** Exercise brief **
When the line with "Modern Timber Craft Fireplace" turns up below, begin repeating exactly, and carry on through the line with "Landscape Bi-Fold Brochure"; no pictures go into the copy.
---------- Material shown
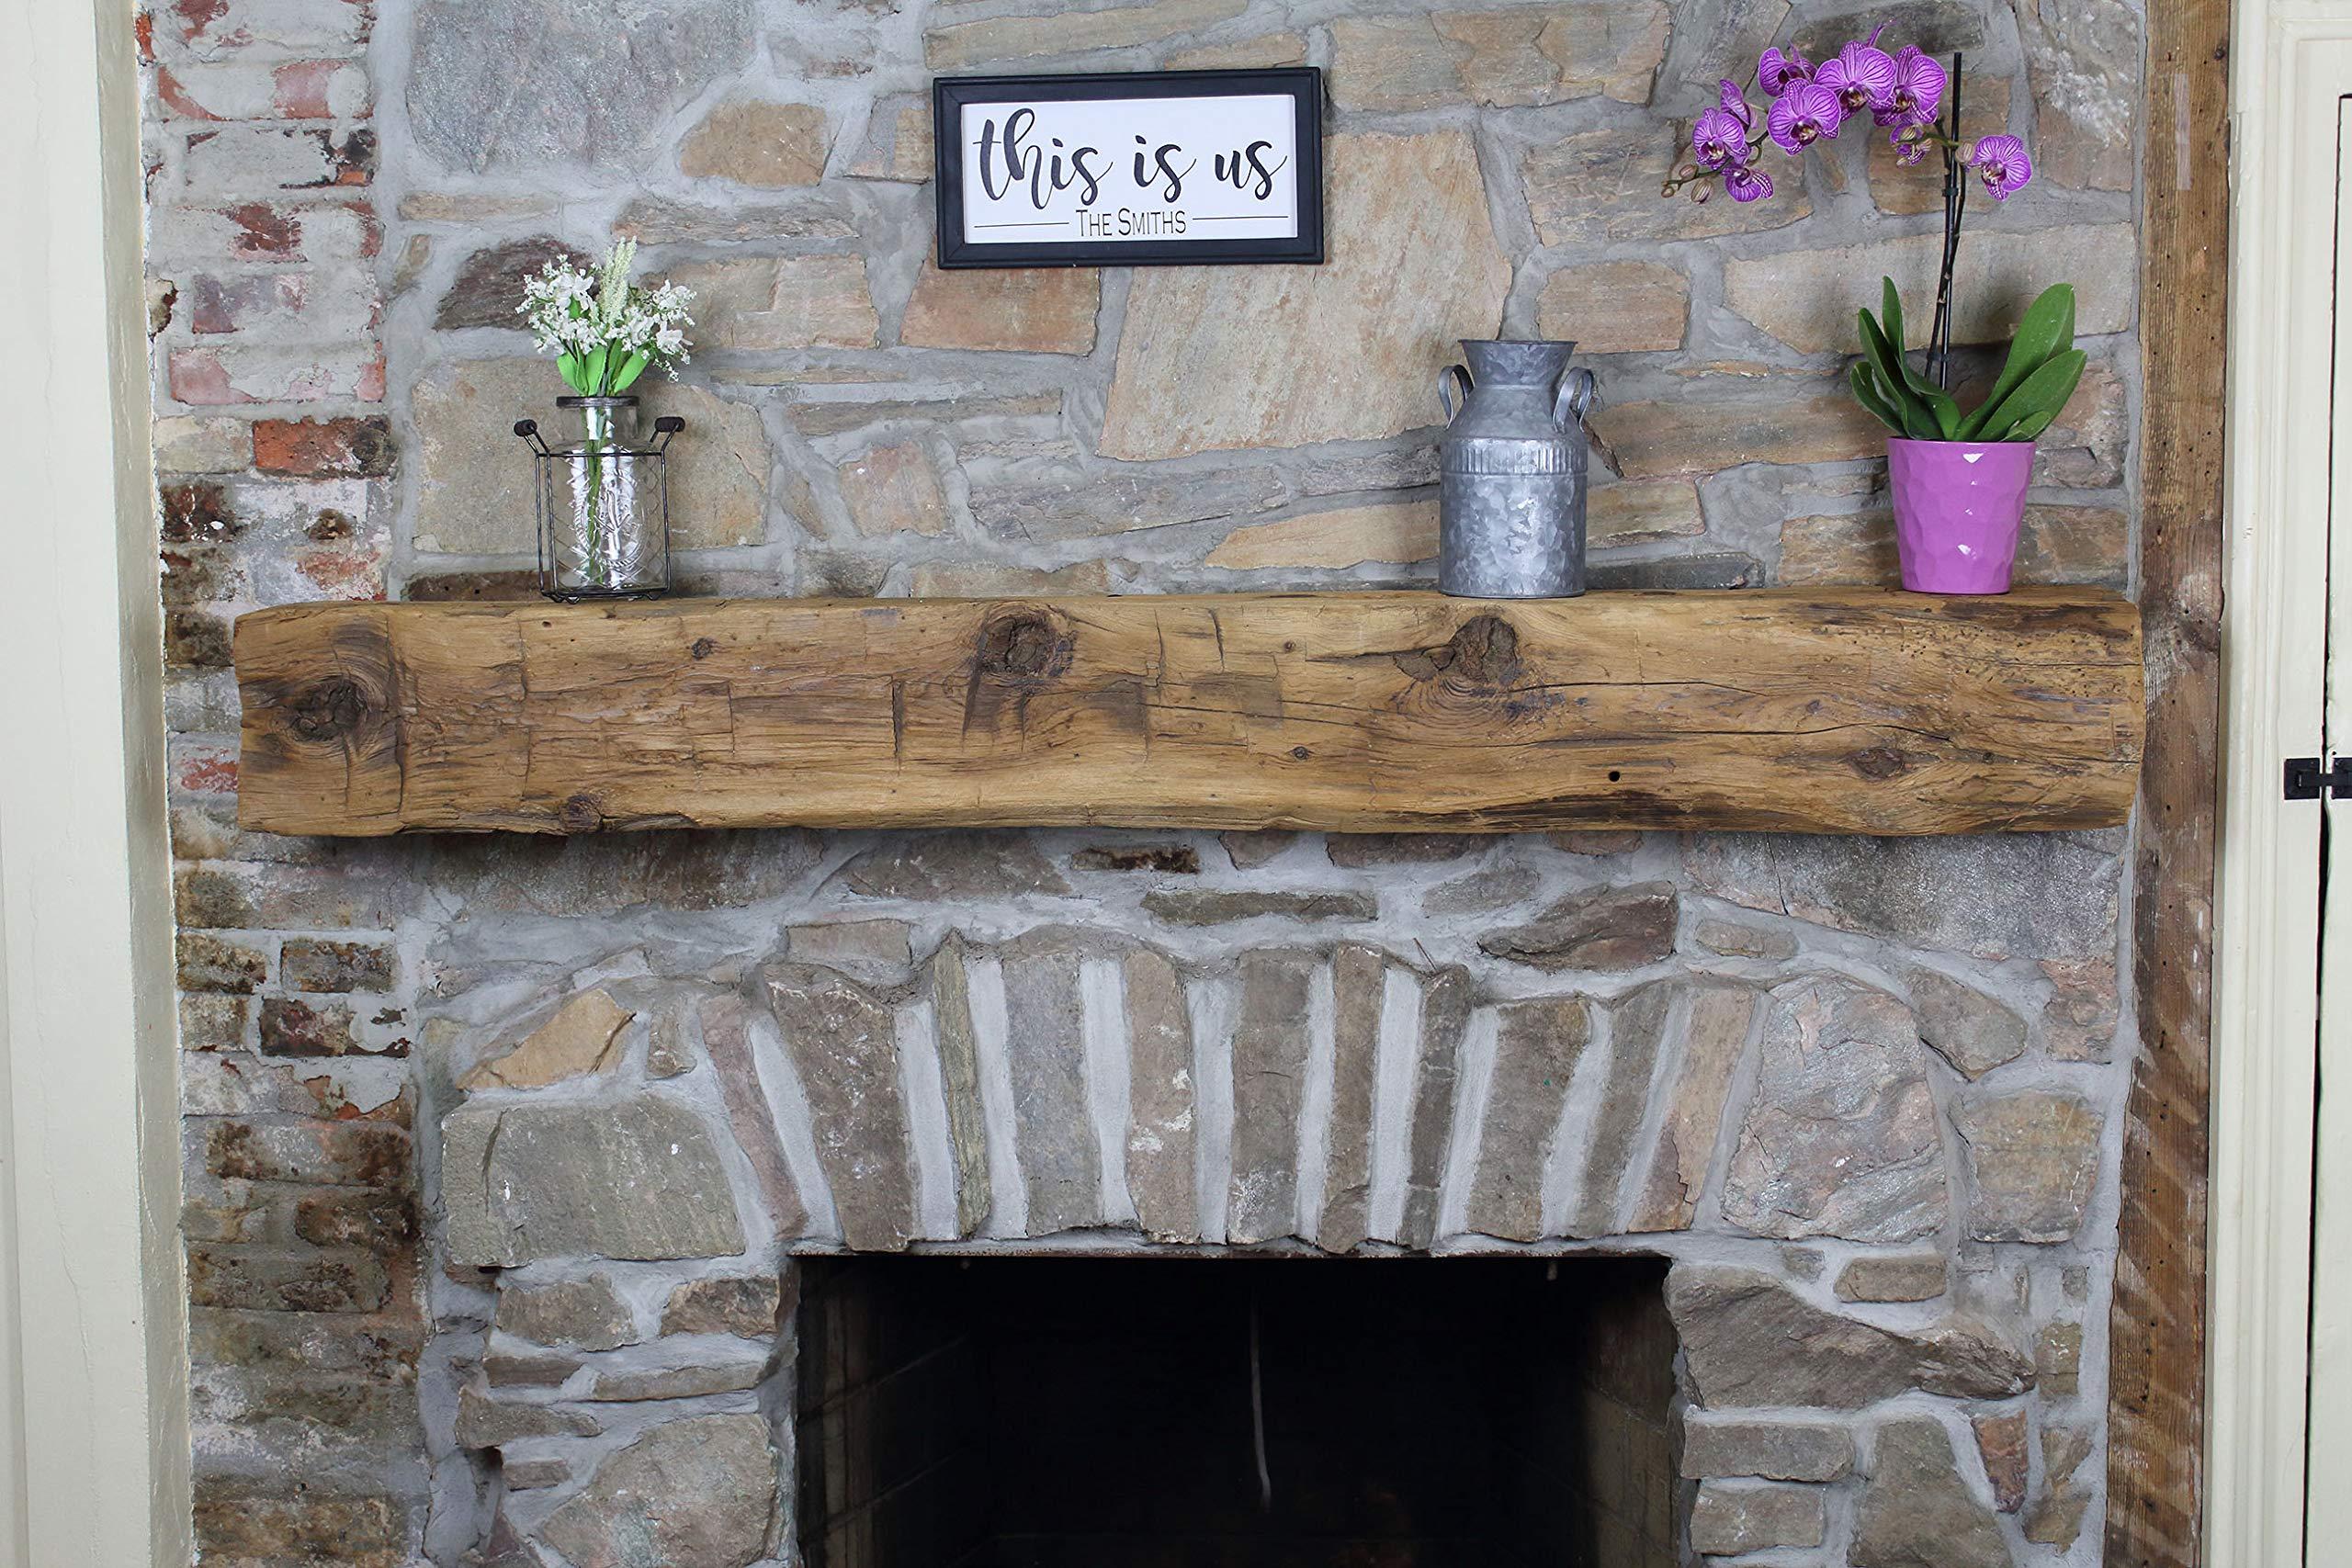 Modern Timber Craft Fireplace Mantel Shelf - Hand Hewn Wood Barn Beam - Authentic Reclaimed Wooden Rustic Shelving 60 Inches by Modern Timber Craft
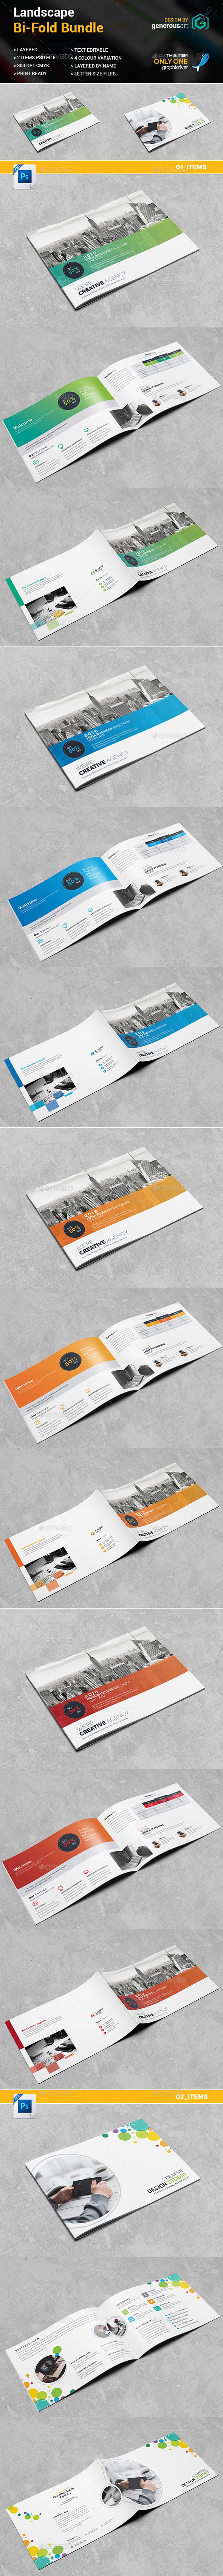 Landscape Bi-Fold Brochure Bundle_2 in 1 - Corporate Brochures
--------------------
---------- Material shown
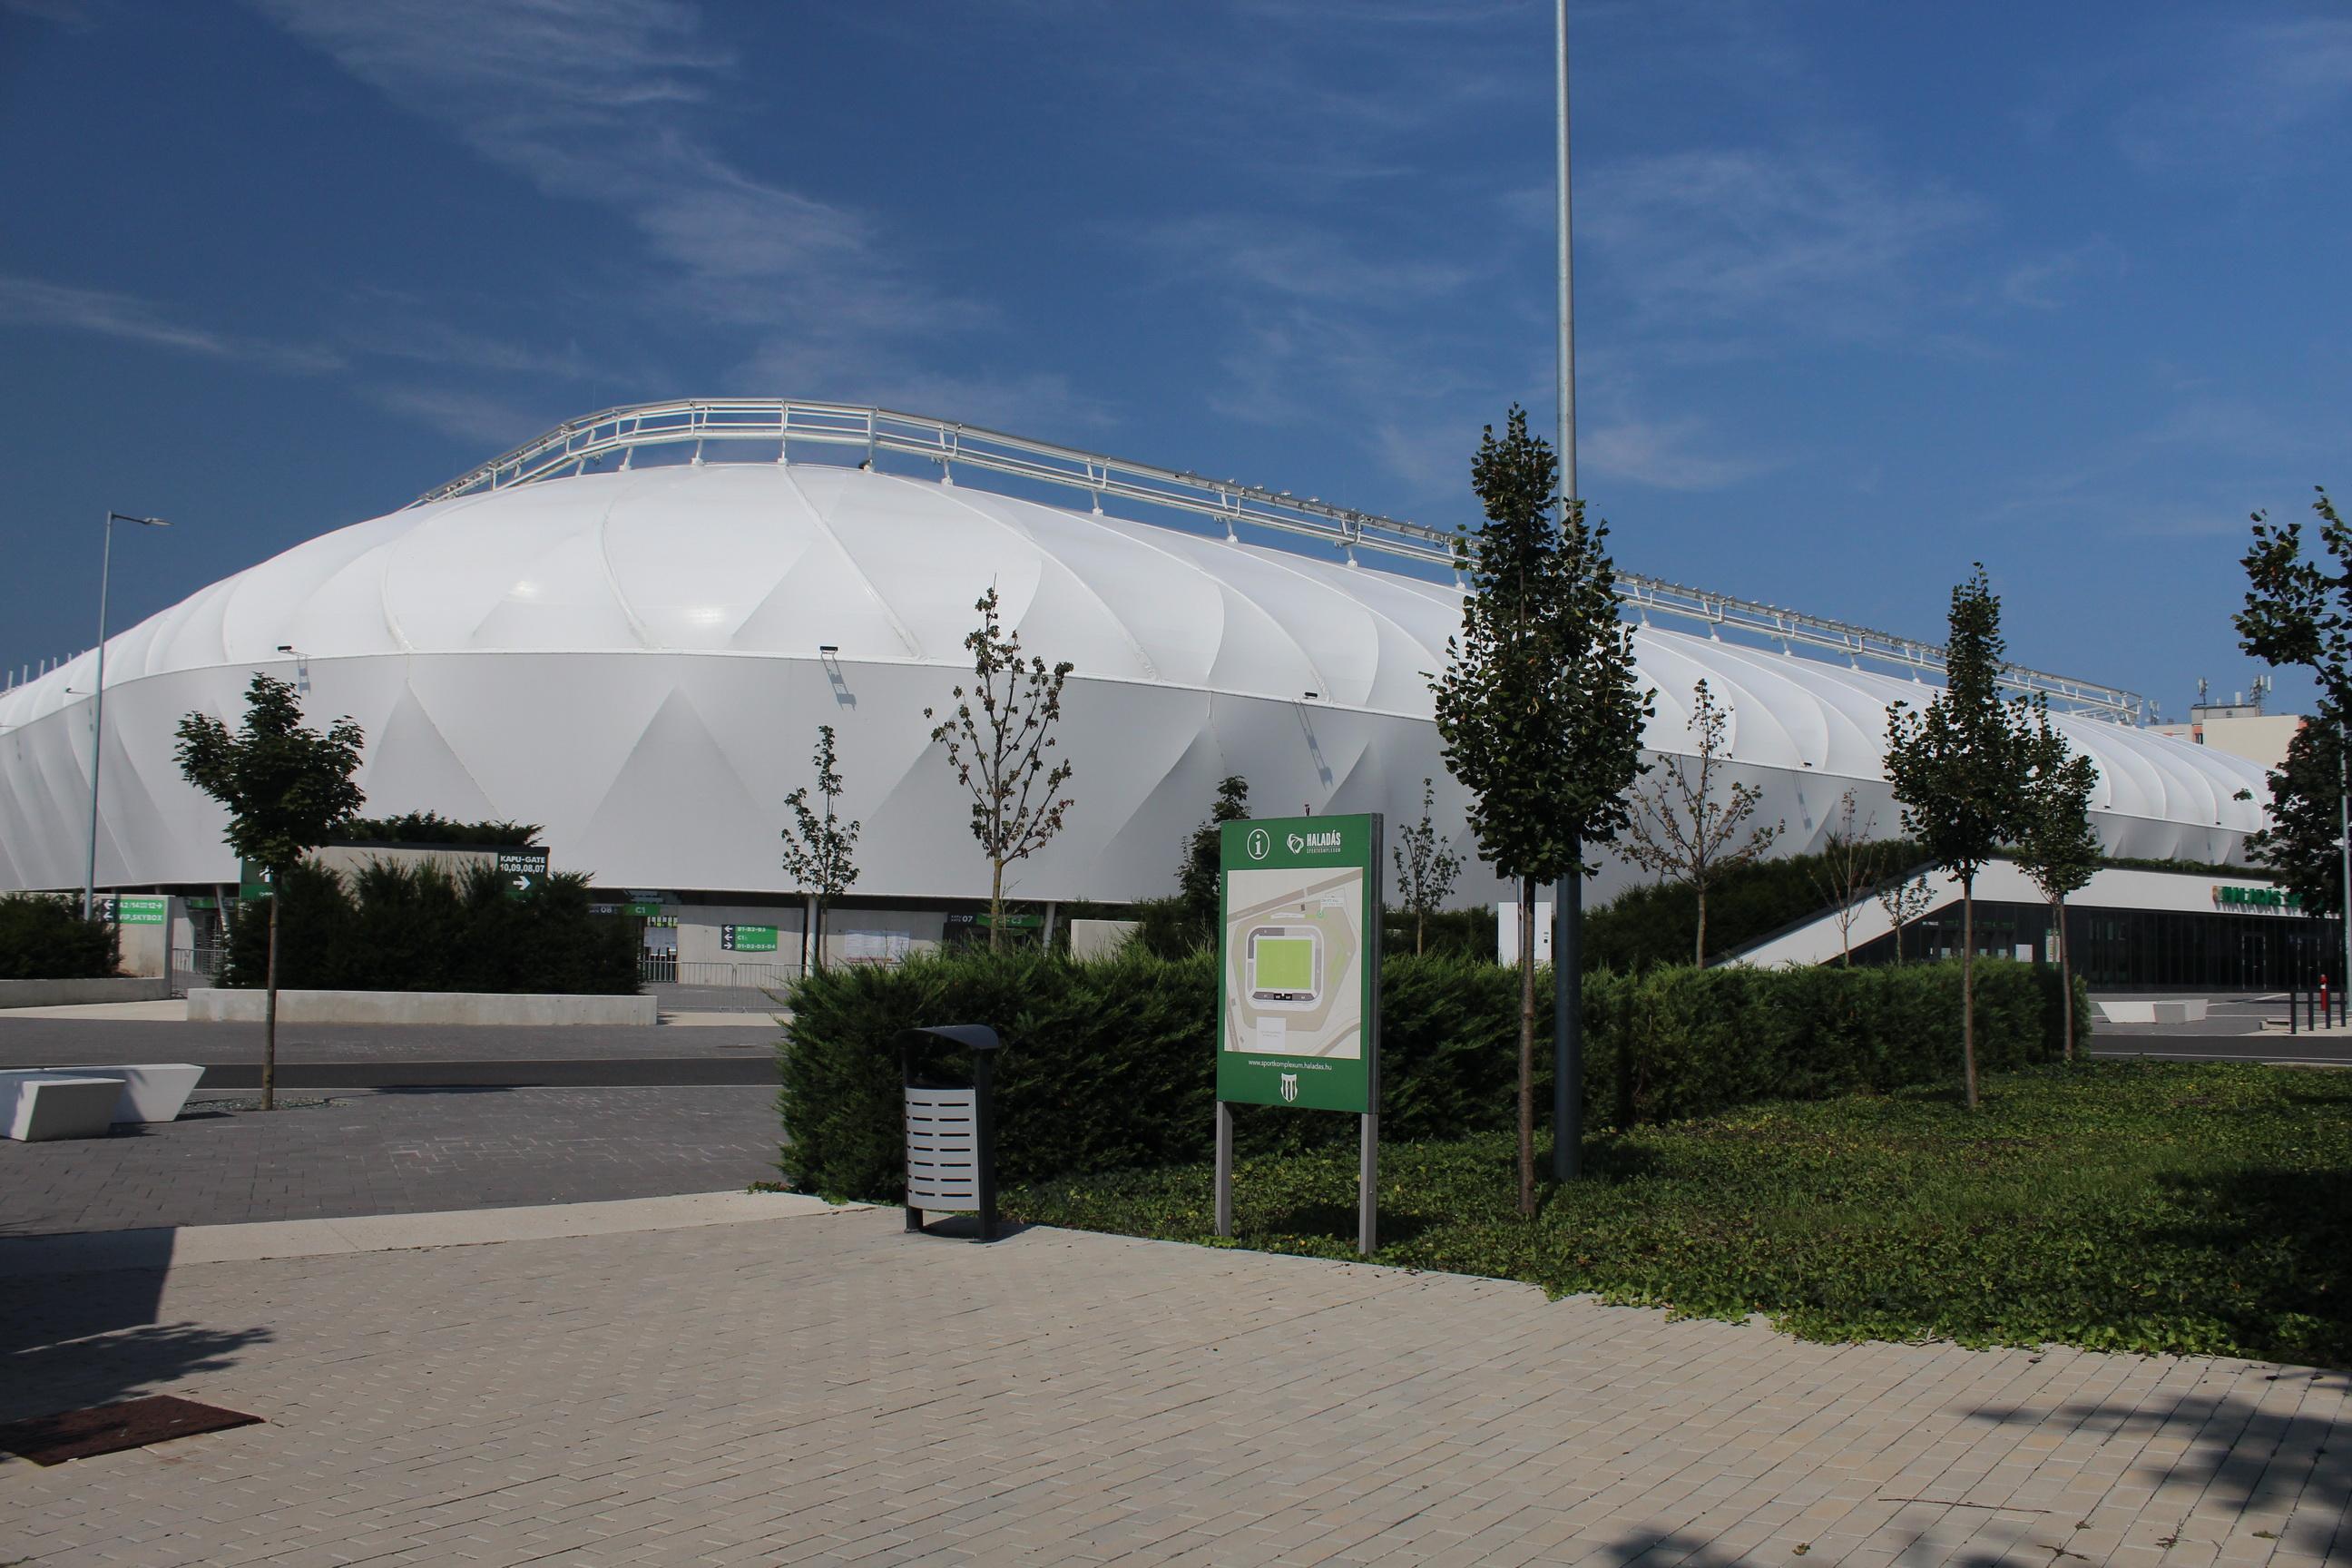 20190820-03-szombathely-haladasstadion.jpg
--------------------
** Completed exercise **
 Modern Timber Craft Fireplace Mantel Shelf - Hand Hewn Wood Barn Beam - Authentic Reclaimed Wooden Rustic Shelving 60 Inches by Modern Timber Craft
 Landscape Bi-Fold Brochure Bundle_2 in 1 - Corporate Brochures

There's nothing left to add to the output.